His warnings — often on social posts that included the hashtag #StoptheBias — date back to 2018 and long predated the rising tide of voices in Washington now concerned about the issue.
"Another day, another example of conservatives being censored on social media," he tweeted in 2018 in demanding then-Twitter CEO Jack Dorsey "explain to Congress what is going on."
For a while, some of the more conservative members of his conference harbored mistrust of McCarthy on the issue, based on secretly recorded comments made by the GOP leader.

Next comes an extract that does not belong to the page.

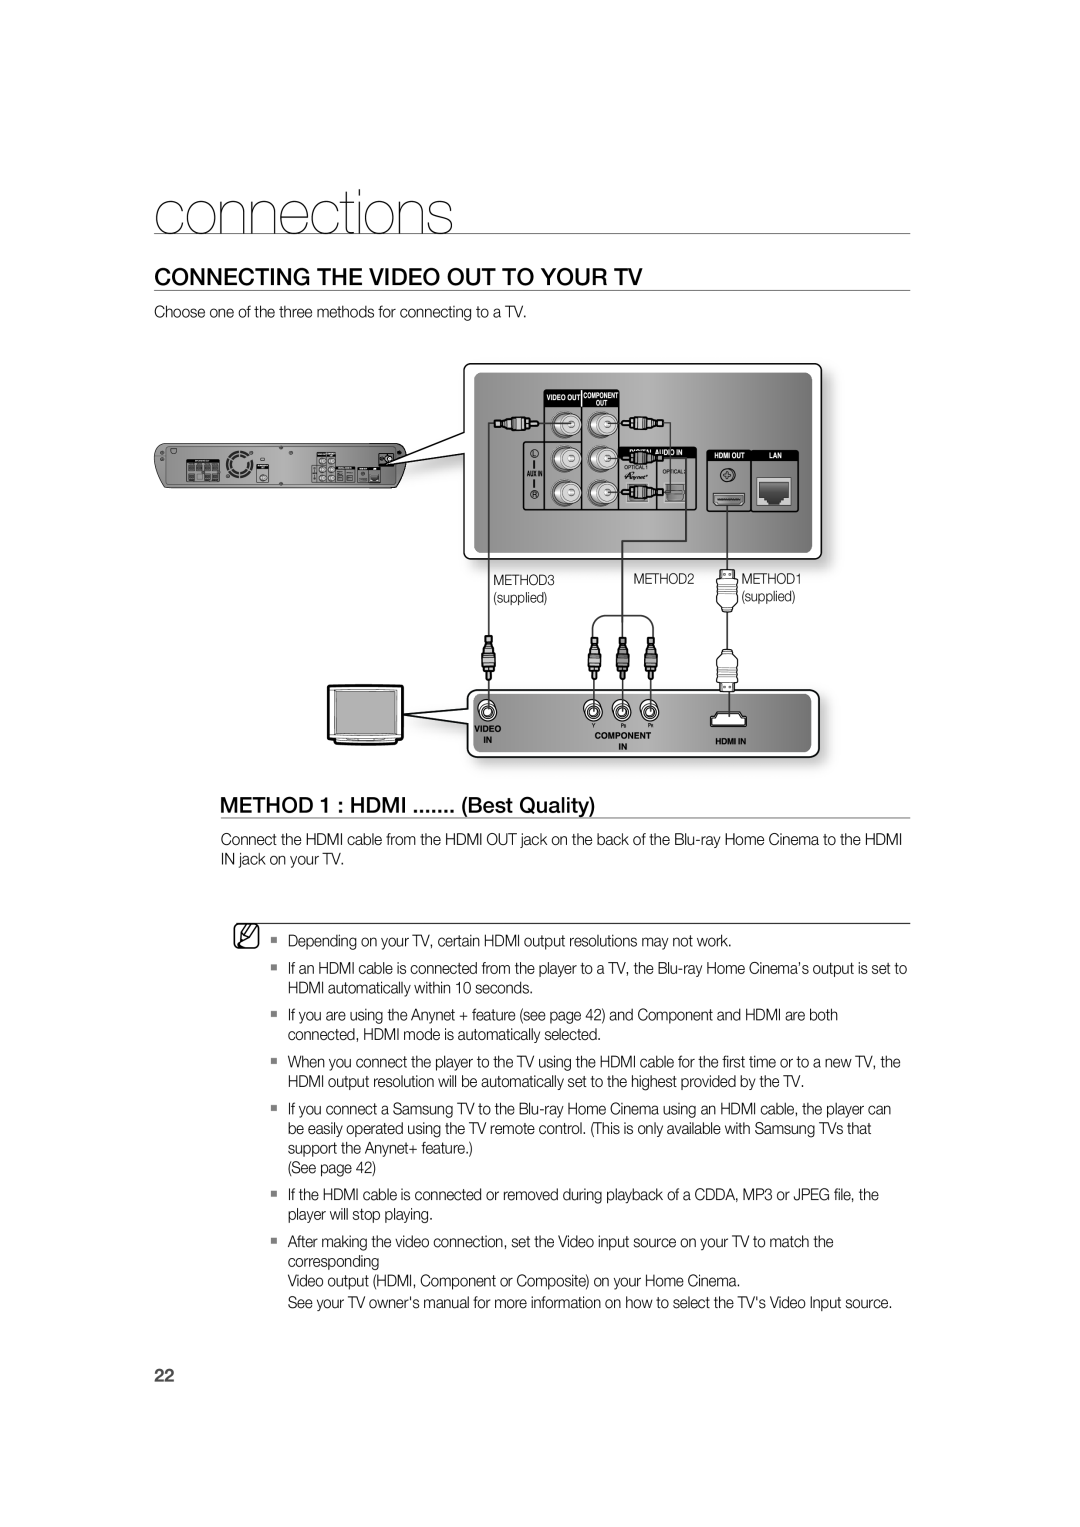 Samsung AH68-02019K manual Connecting The Video Out To Your Tv, METHOD 1 : HDMI, Best Quality, connections

But McCarthy has since rallied House Republicans behind a common platform to fight censorship, starting with a 2021 framework for legislation that included oversight, accountability and anti-trust actions.
"I have more faith in elected state leaders than in the unelected federal bureaucracy, which is as ideologically homogeneous as Big Tech," McCarthy said last year.
That framework was expanded in the Commitment to America, the detailed policy agenda McCarthy and other Republicans released last month.
Mike Benz, the founder of the nonprofit Foundation for Freedom Online and a former Trump administration State Department official who worked on censorship issues, said federal agencies involved in setting up the outsourced censorship project in 2020 came up with a paradigm to censor everyday Americans who objected to government narratives or actions.
"If you undermine them on social media, by articulating your grievances, you are, in effect committing a cyber attack on critical infrastructure," Benz told the John Solomon Reports podcast on Wednesday. "Now, the cute trick this fuels is that no American can air grievances now, without a pretext for censorship by the Department of Homeland Security."
Benz said the sophisticated apparatus built by liberals in the federal bureaucracy, the news media, Big Tech and the nonprofit world has many of the same attributes that communist China has used to control the free expression of its populace.
"They would talk about basically their envy of the China model, and how when there's populist movements and dissent groups within China, China has the advantage of being able to use its artificial intelligence and being able to use it," he said.
"Now I would say, you know, it's basically a bad knockoff of the Chinese model," he said of the American prototype built by DHS, State and its private partners.